Nederland en de Europese integratie, 1950-1986

 
English | Nederlands
Samenvatting
8a. EEG en Engeland

Luns heeft in de vergadering van de EEG-ministers van Buitenlandse Zaken verklaard dat elke afgelasting van de onderhandelingen met Engeland als volkomen onaanvaardbaar wordt beschouwd. België en Duitsland hebben zich hierbij aangesloten. De stemming is zeer geïrriteerd. Spaak heeft verklaard dat verdere onderhandelingen met Engeland met een lege stoel van de Franse delegatie juridisch mogelijk is. Marijnen is bang dat een crisis afbraak van de EG kan betekenen. Hij wijst erop dat gemakkelijk gesteld wordt dat de Vijf een gesloten front tegen Frankrijk moet vormen, maar men zal ook erop moeten letten niet in eigen vlees te snijden.

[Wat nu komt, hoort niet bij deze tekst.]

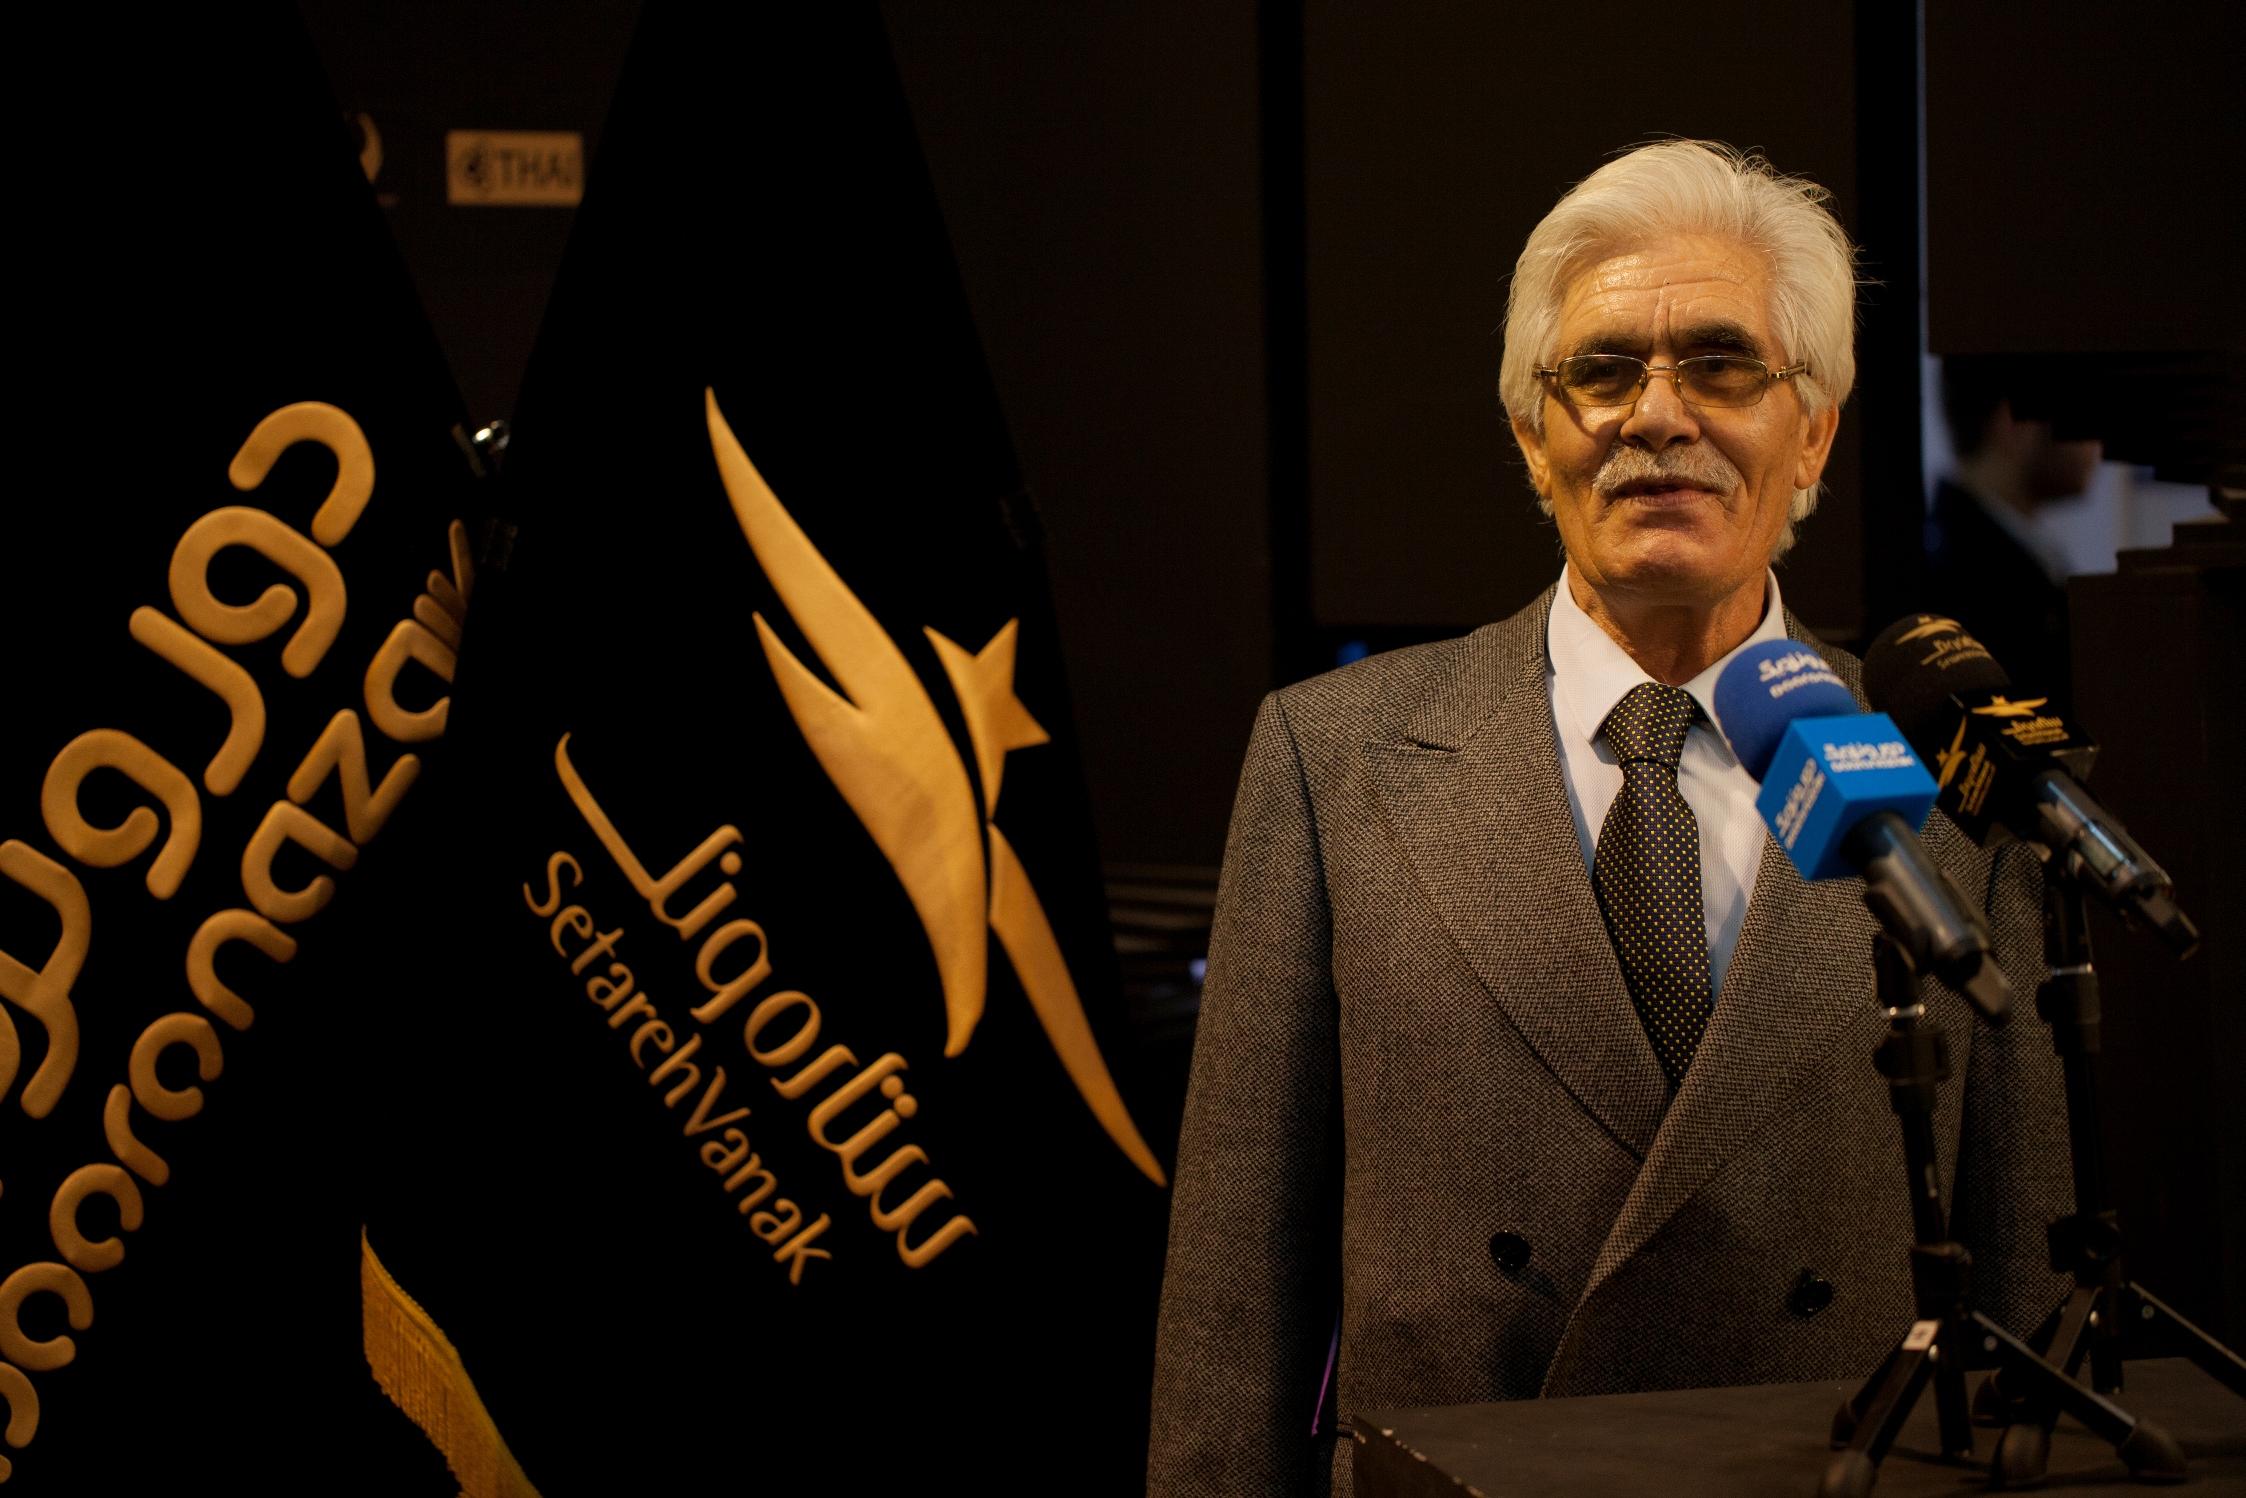 حضور دور و نزدیک در یازدهمین نمایشگاه بین المللی گردشگری ایران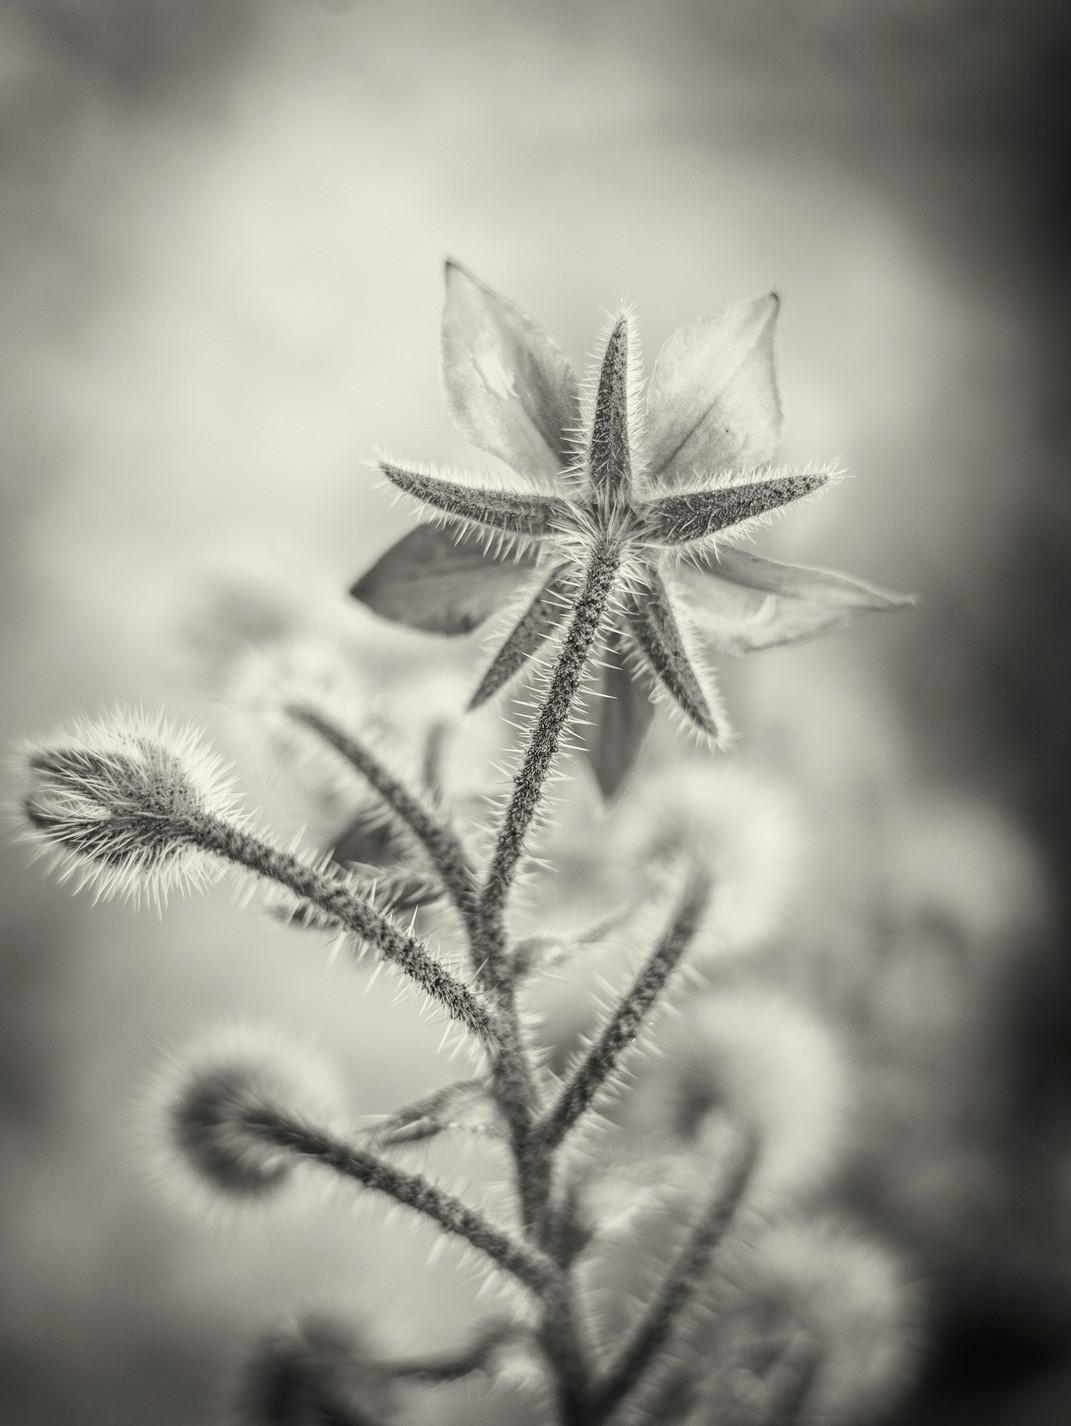 Siddho-Photography-nature-BW-1.jpg

Hij vraagt zich ernstig af of deze tactiek wel de juiste is. De Pous daarentegen vindt dat men nu de zwaarste drukmiddelen op de Franse regering moet aanwenden. Het moet duidelijk worden dat niet president De Gaulle in de EEG de dienst uitmaakt. Klompé wijst erop dat de een stagnatie grote politieke en economische repercussies hebben. Klompé meent dat alleen sputteren tegen het optreden van De Gaulle niets uithaalt. Zijlstra heeft afkeer van de wijze waarop president De Gaulle zich de Zonnekoning van deze tijd waant. Intussen moet men bedenken dat de landen met een uitermate garaffineerd schaakspel bezig zijn. Nederland zal als klein land moeten nagaan wie de zetten op het schaakspel moet doen.